>>>

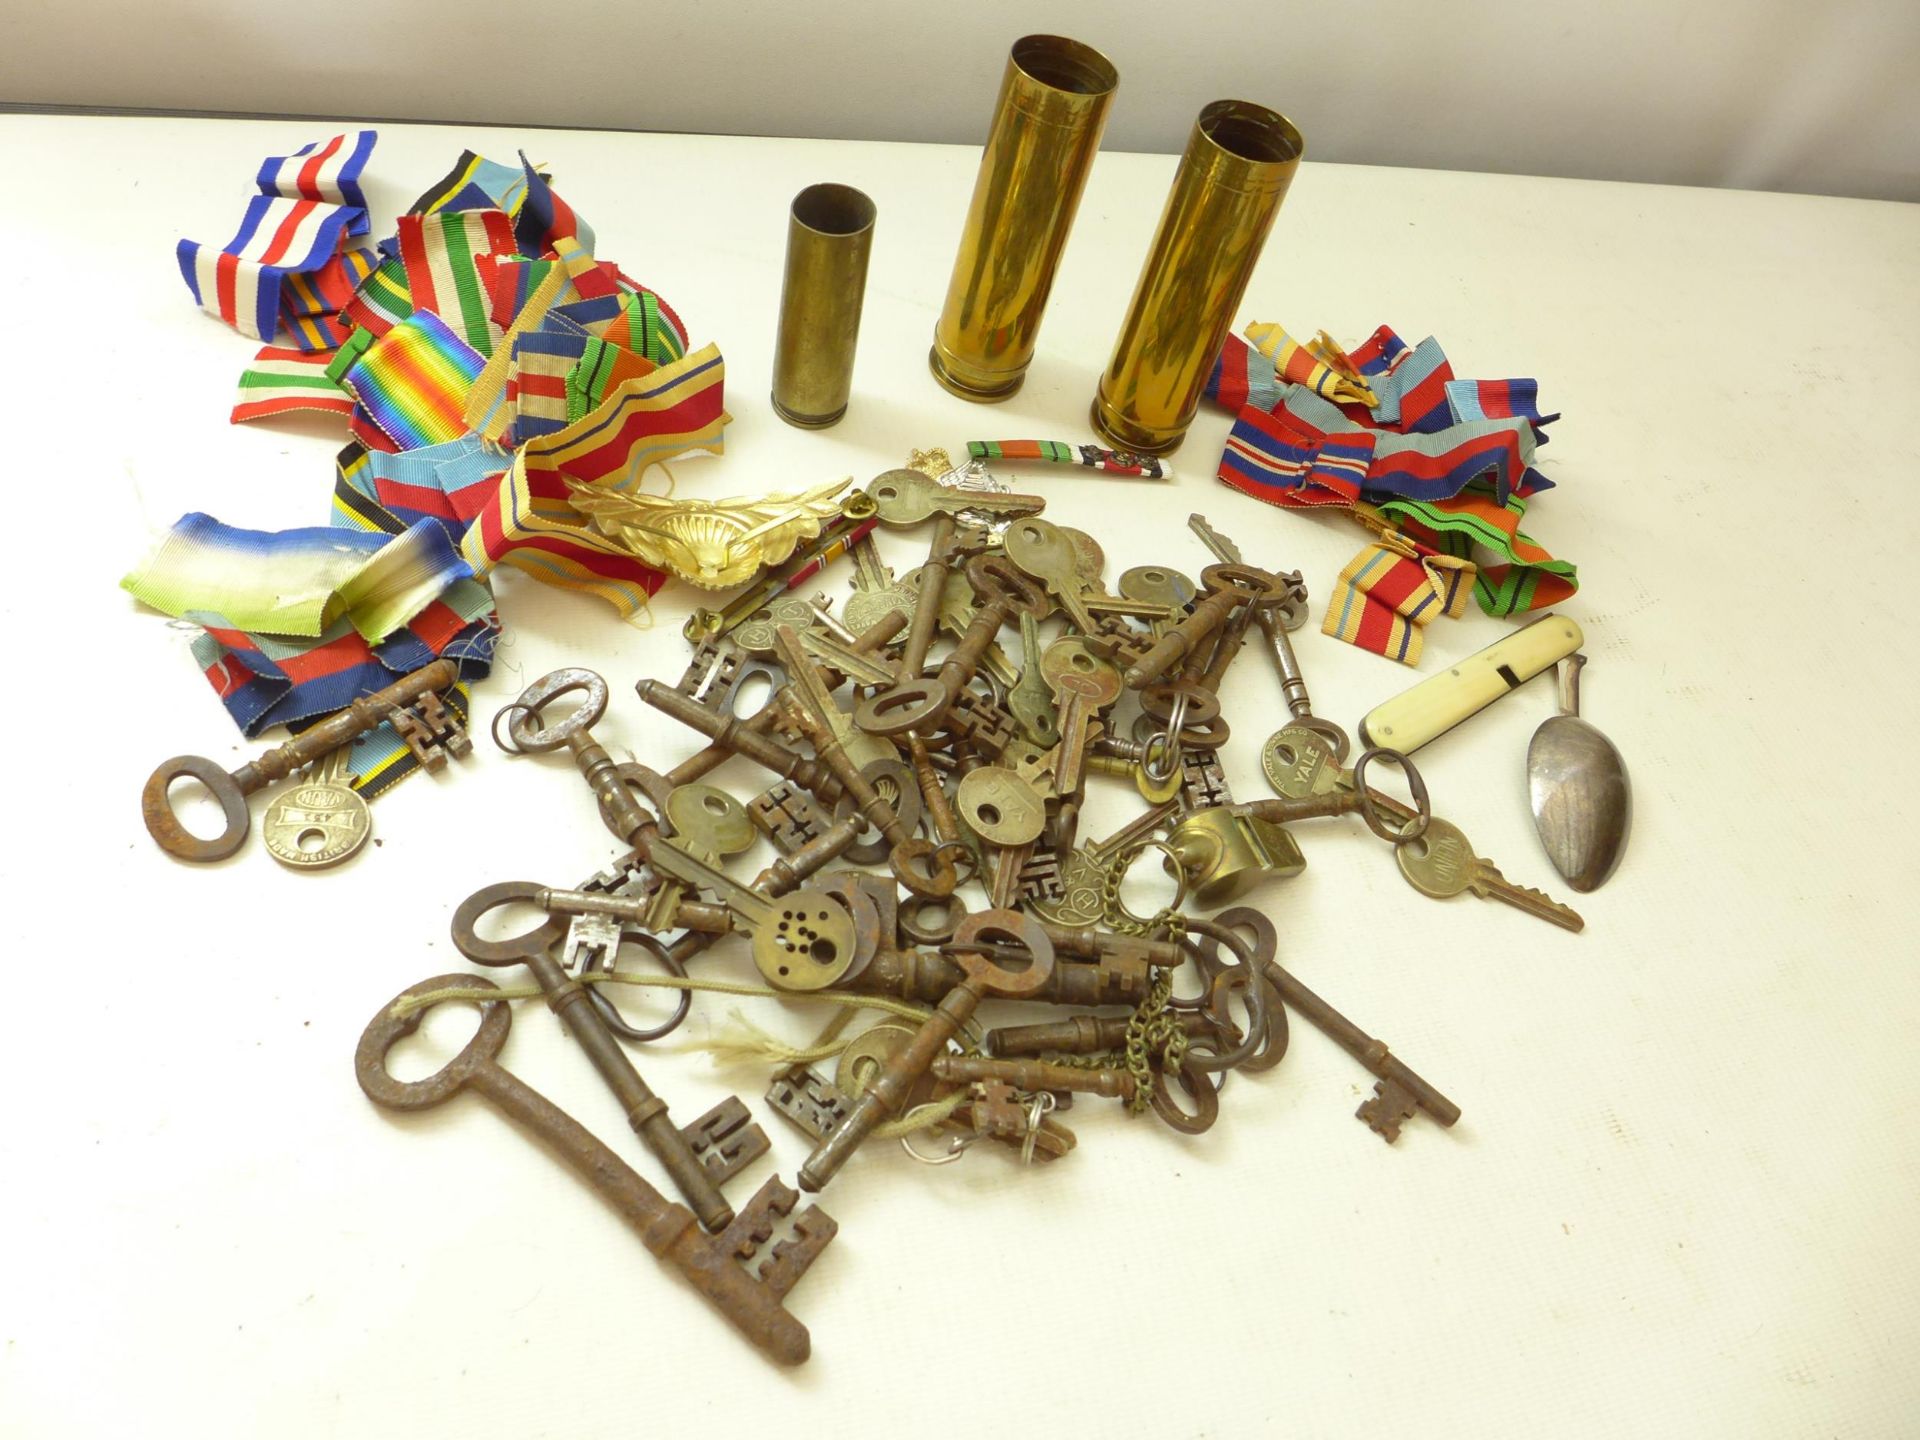 THREE BRASS SHELL CASES, HEIGHTS 7CM TO 11CM, MEDAL RIBBONS, KEYS ETC
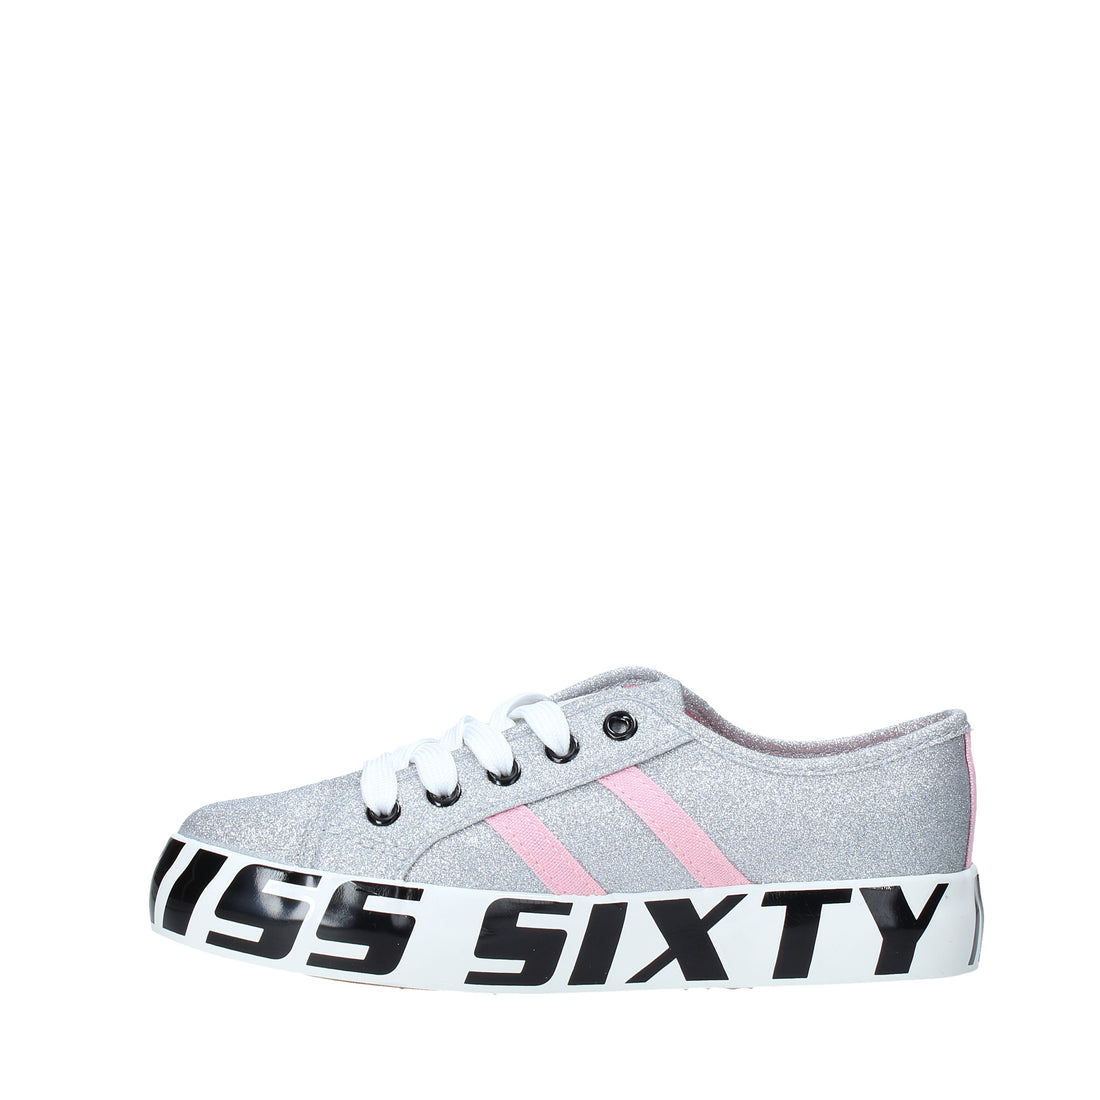 Sneakers Argentato Miss Sixty
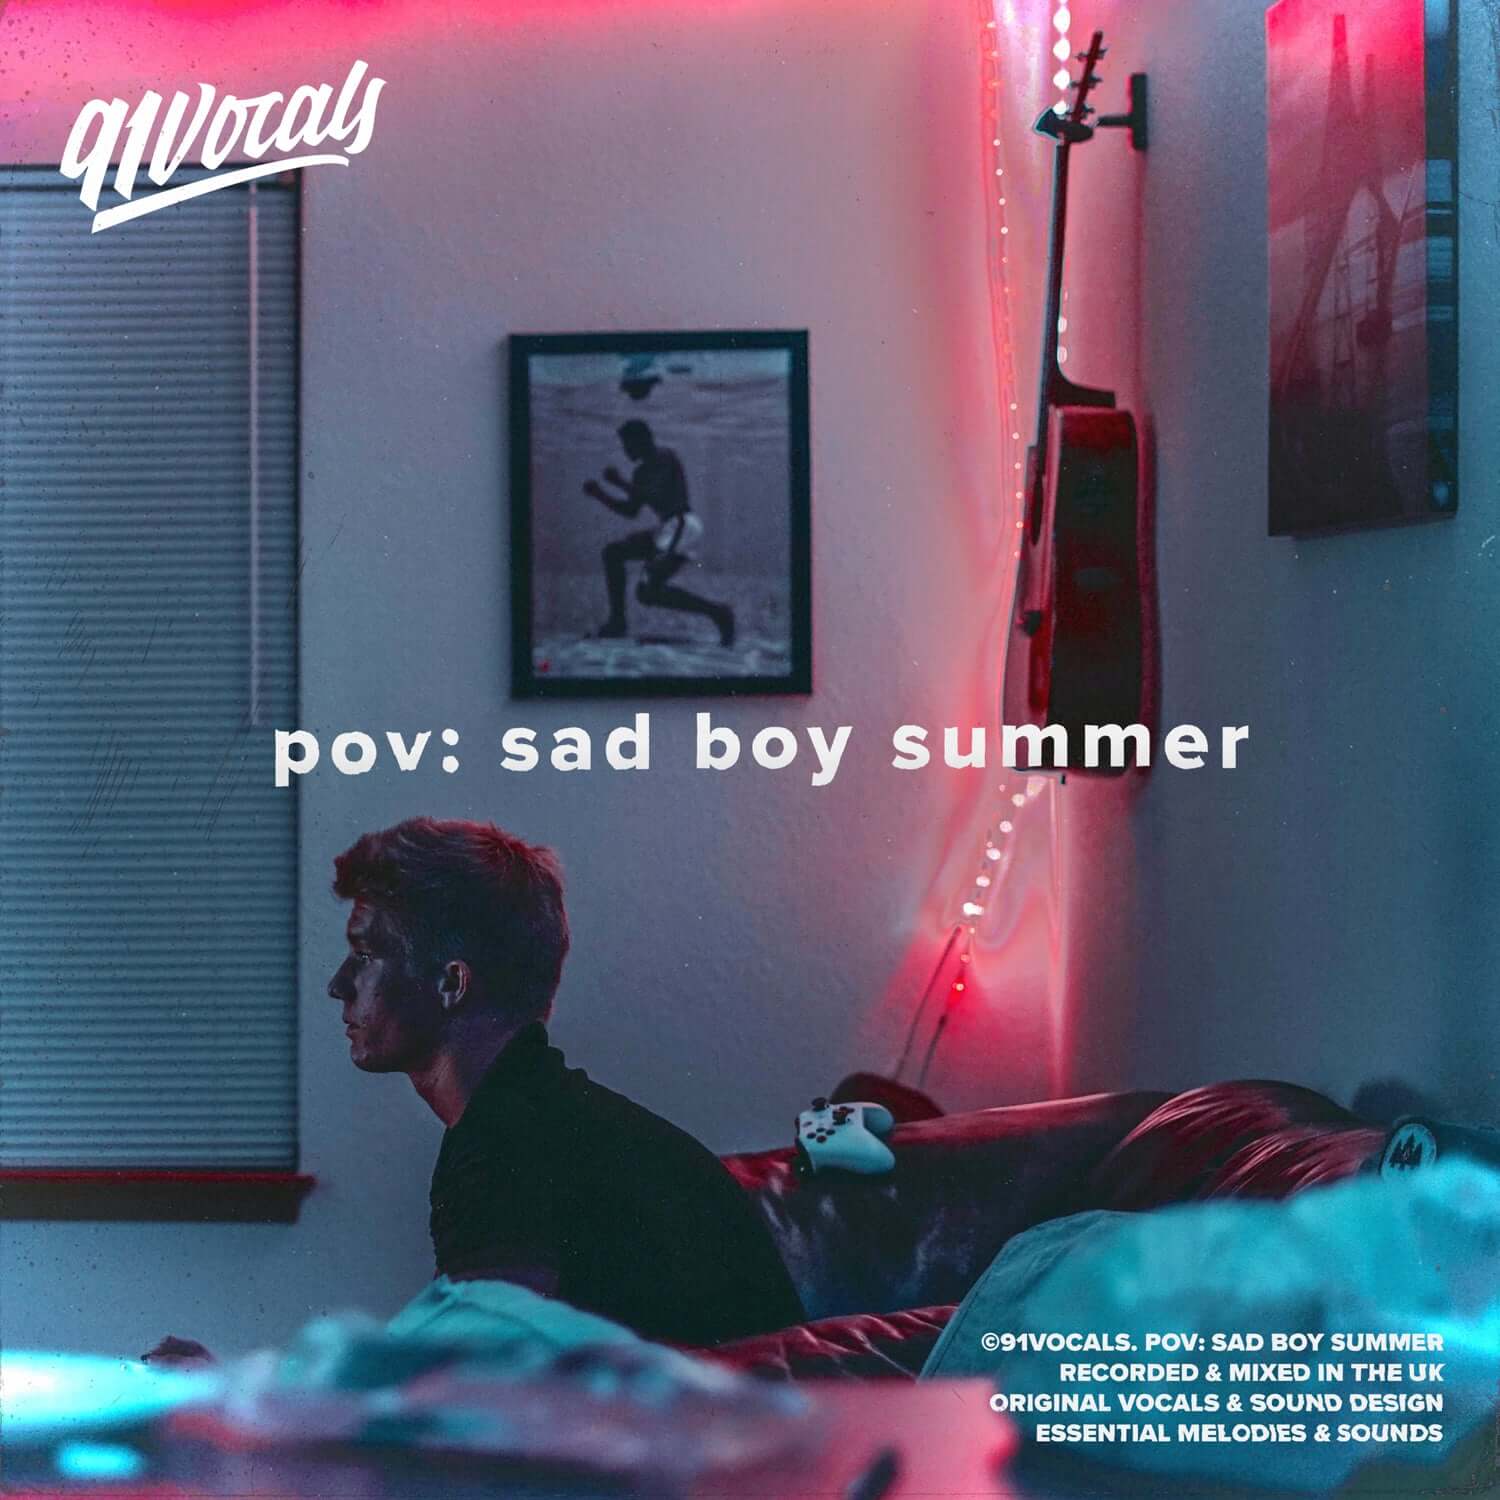 Stream sad boy music  Listen to songs, albums, playlists for free
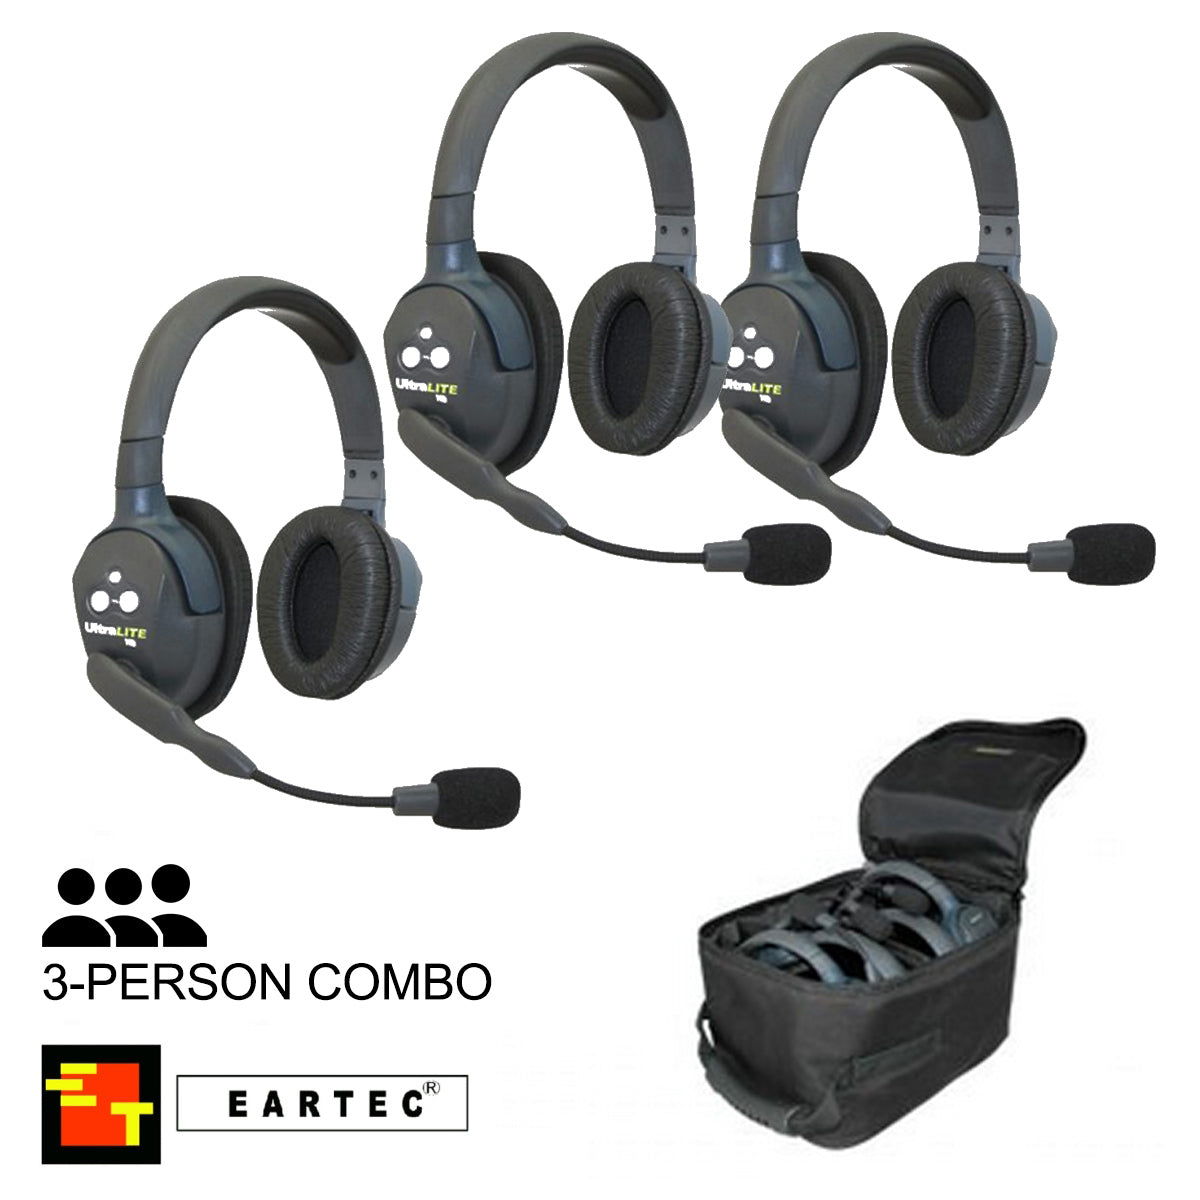 UltraLITE 3-Person Hands Free Radio Headset Combo – Influential Drones

<<<

Problem to solve: Print the full listing exactly, dropping the pictures.

Answer box:
 THREE BRASS SHELL CASES, HEIGHTS 7CM TO 11CM, MEDAL RIBBONS, KEYS ETC
 Sneakers Argentato Miss Sixty
 Stream sad boy music  Listen to songs, albums, playlists for free
 UltraLITE 3-Person Hands Free Radio Headset Combo – Influential Drones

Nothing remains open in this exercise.